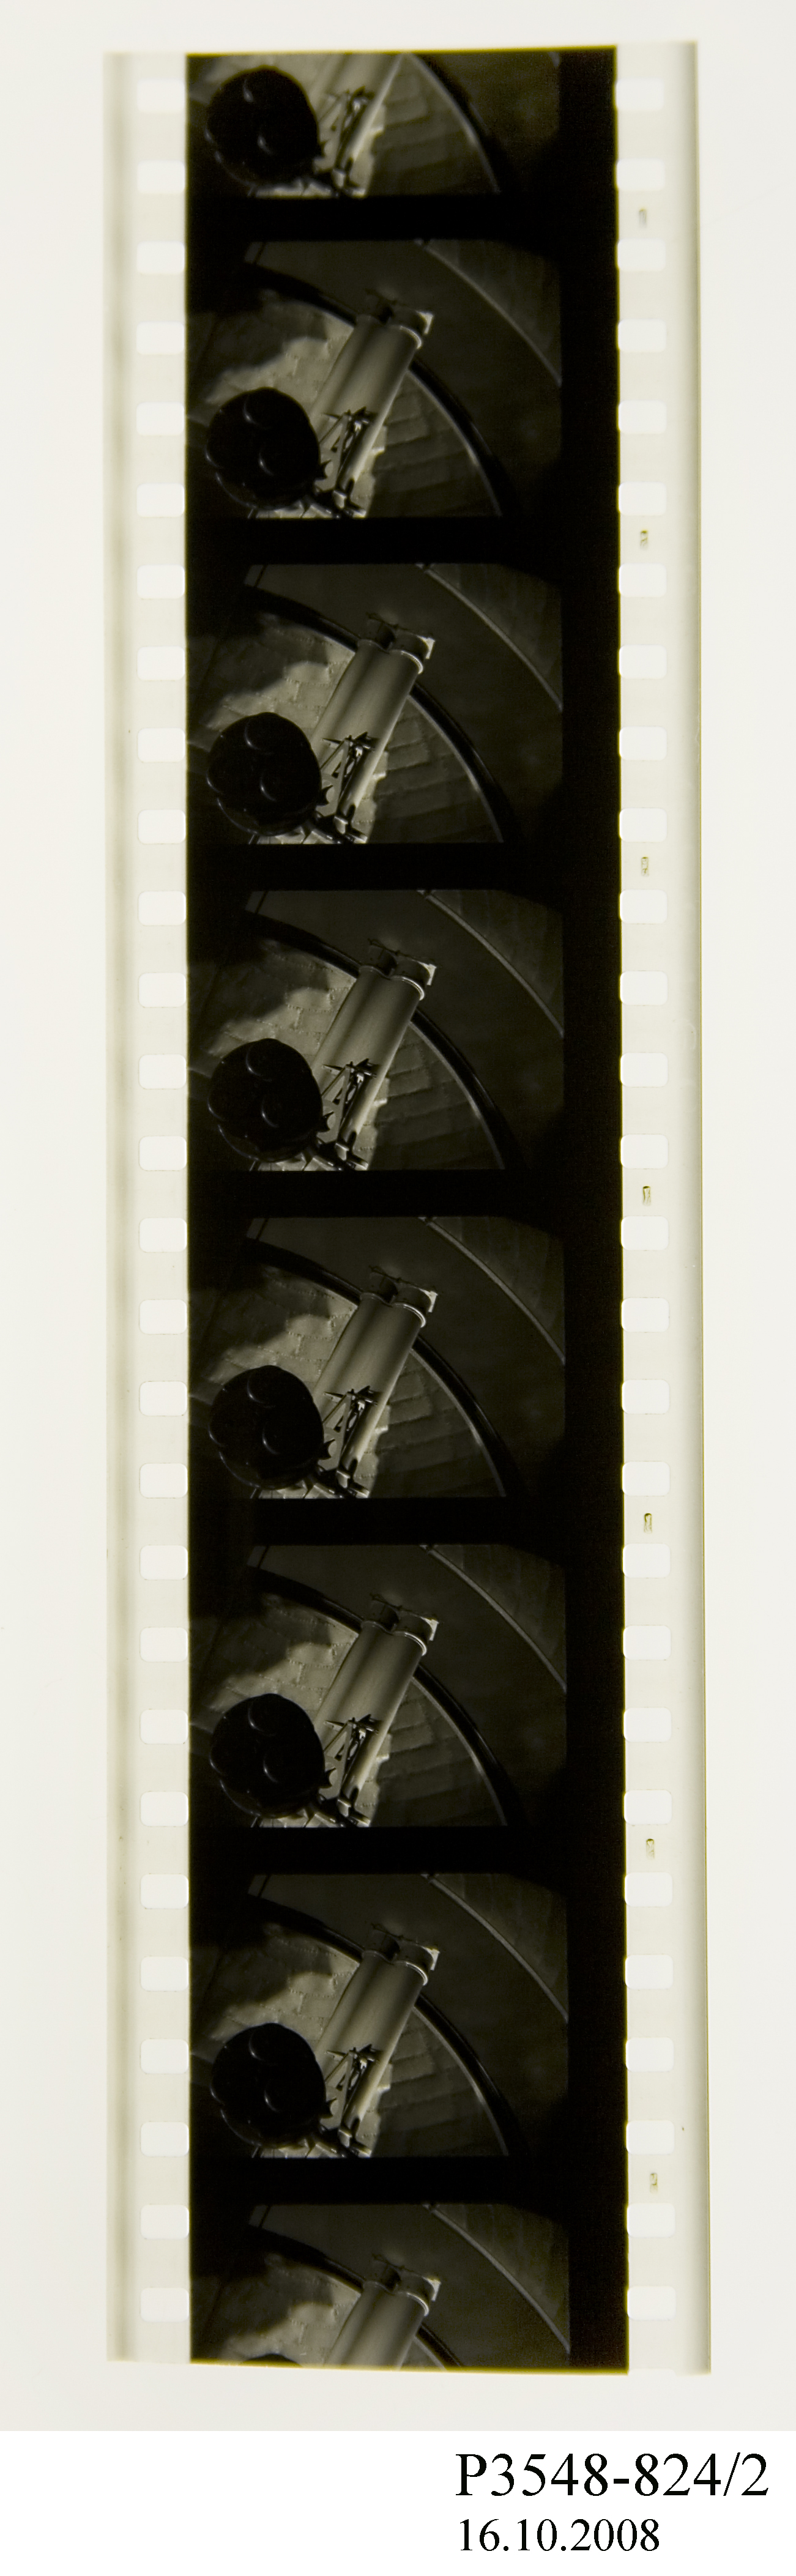 Film strip showing a telescope in an observation dome
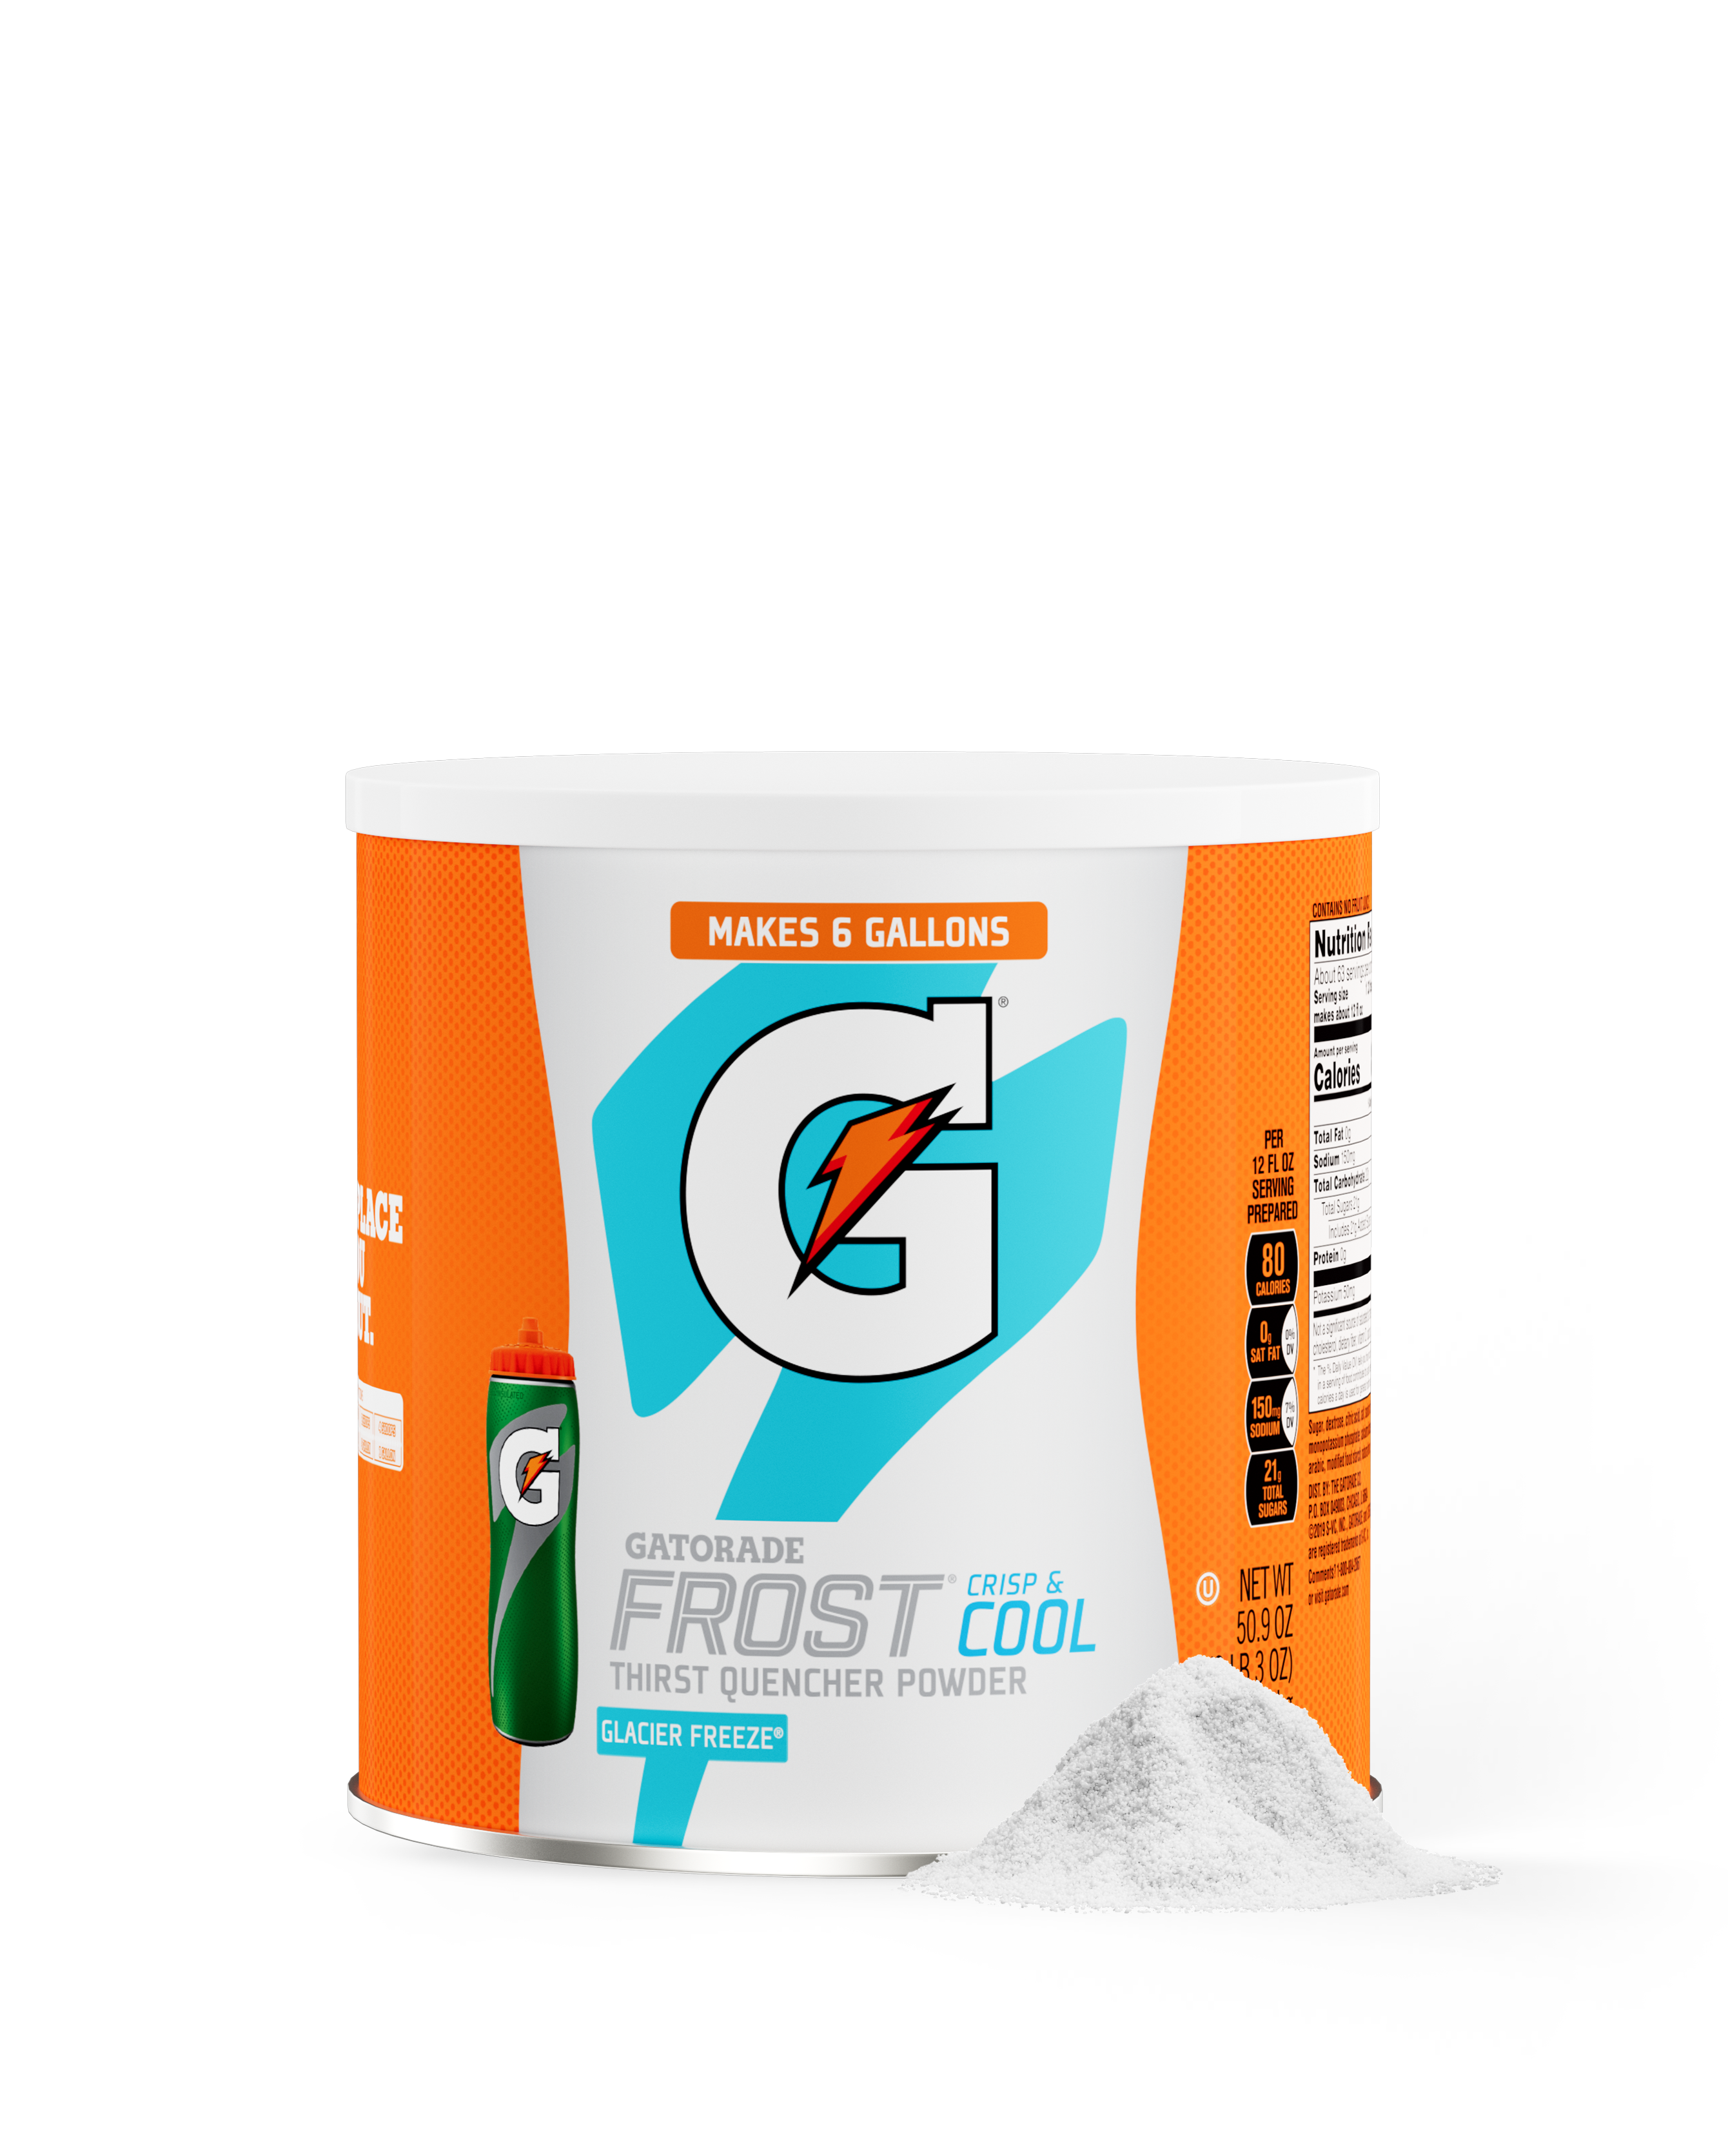 Gatorade Thirst Quencher 6 Gallon Canister Glacier Freeze Product Tile
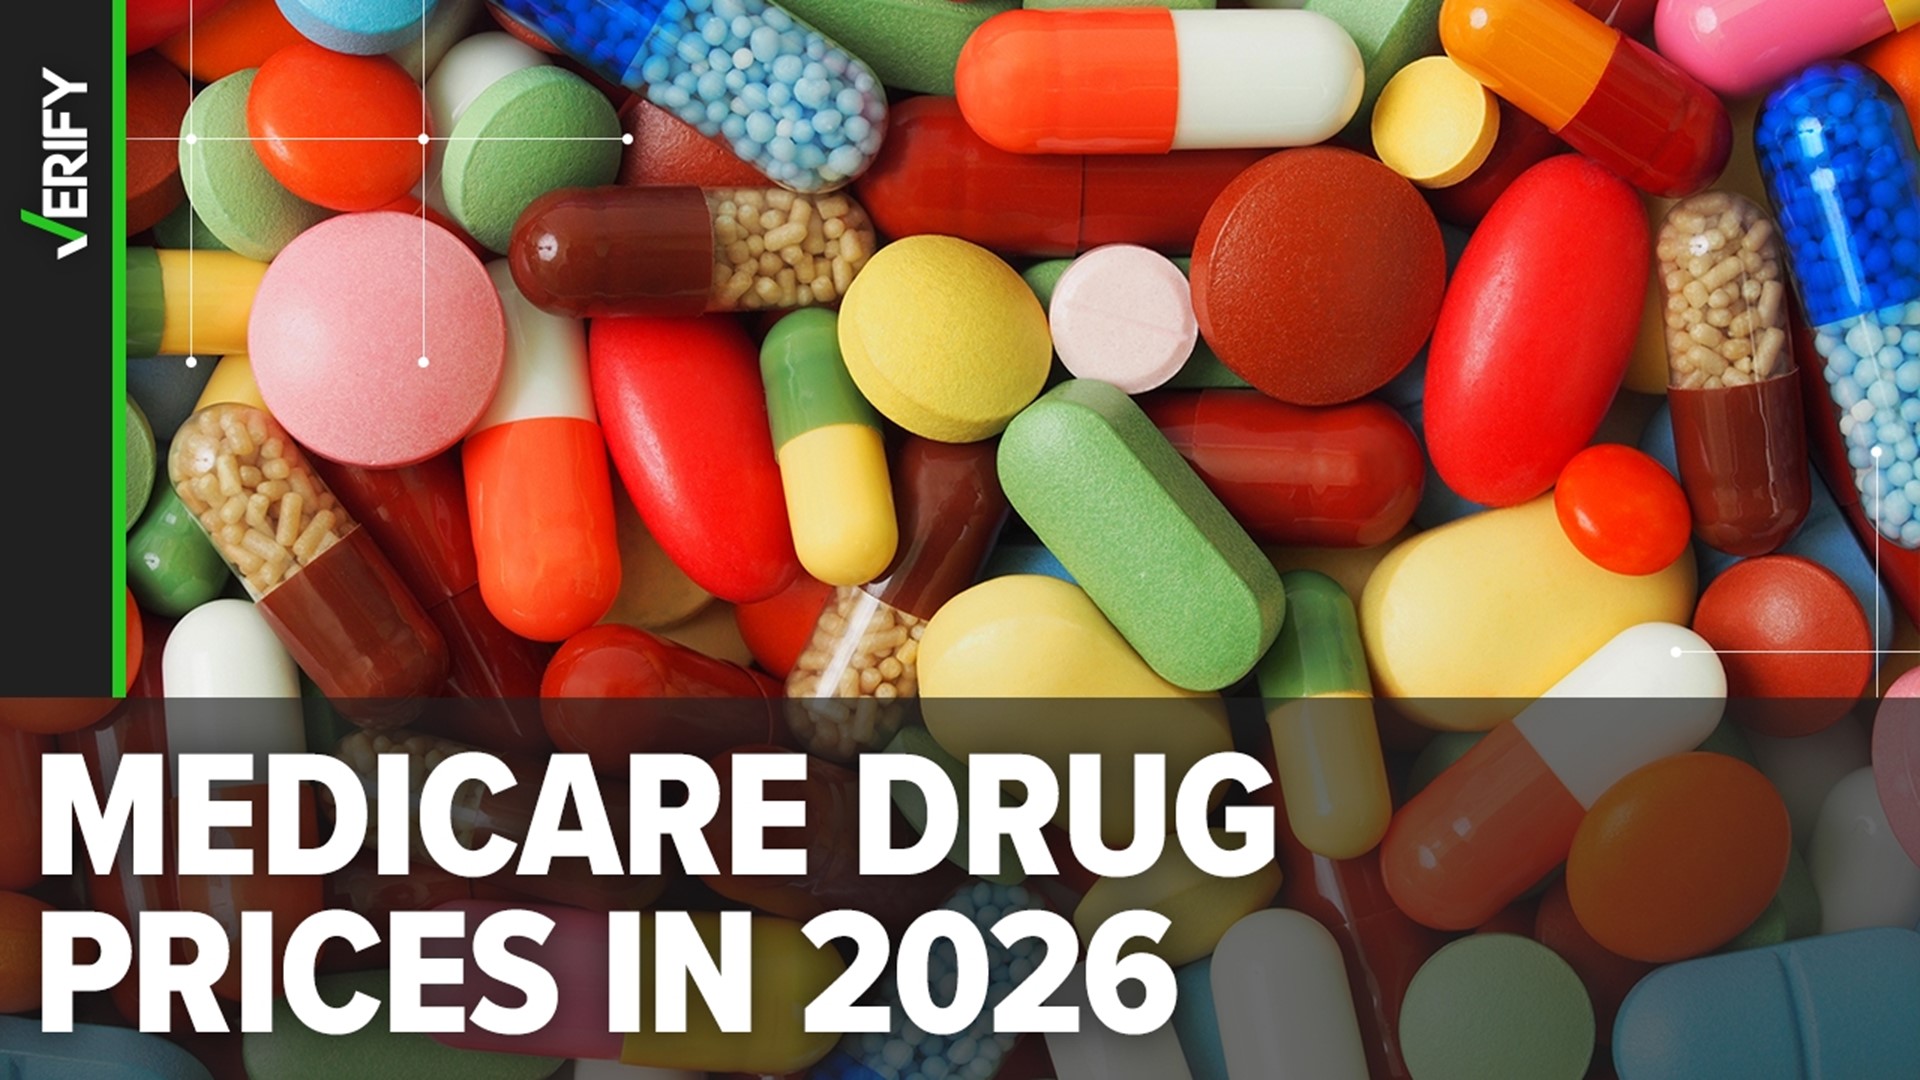 The first 10 drugs selected for Medicare price negotiation include Jardiance and Eliquis. But any lower prices aren’t set to take effect until 2026.
·····
HOW TO COMPLETE THIS TASK
Retype the data above exactly; pictures are not part of the copy.

WRITTEN ANSWER
 Film strip showing a telescope in an observation dome
 Gatorade Thirst Quencher 6 Gallon Canister Glacier Freeze Product Tile
 The first 10 drugs selected for Medicare price negotiation include Jardiance and Eliquis. But any lower prices aren’t set to take effect until 2026.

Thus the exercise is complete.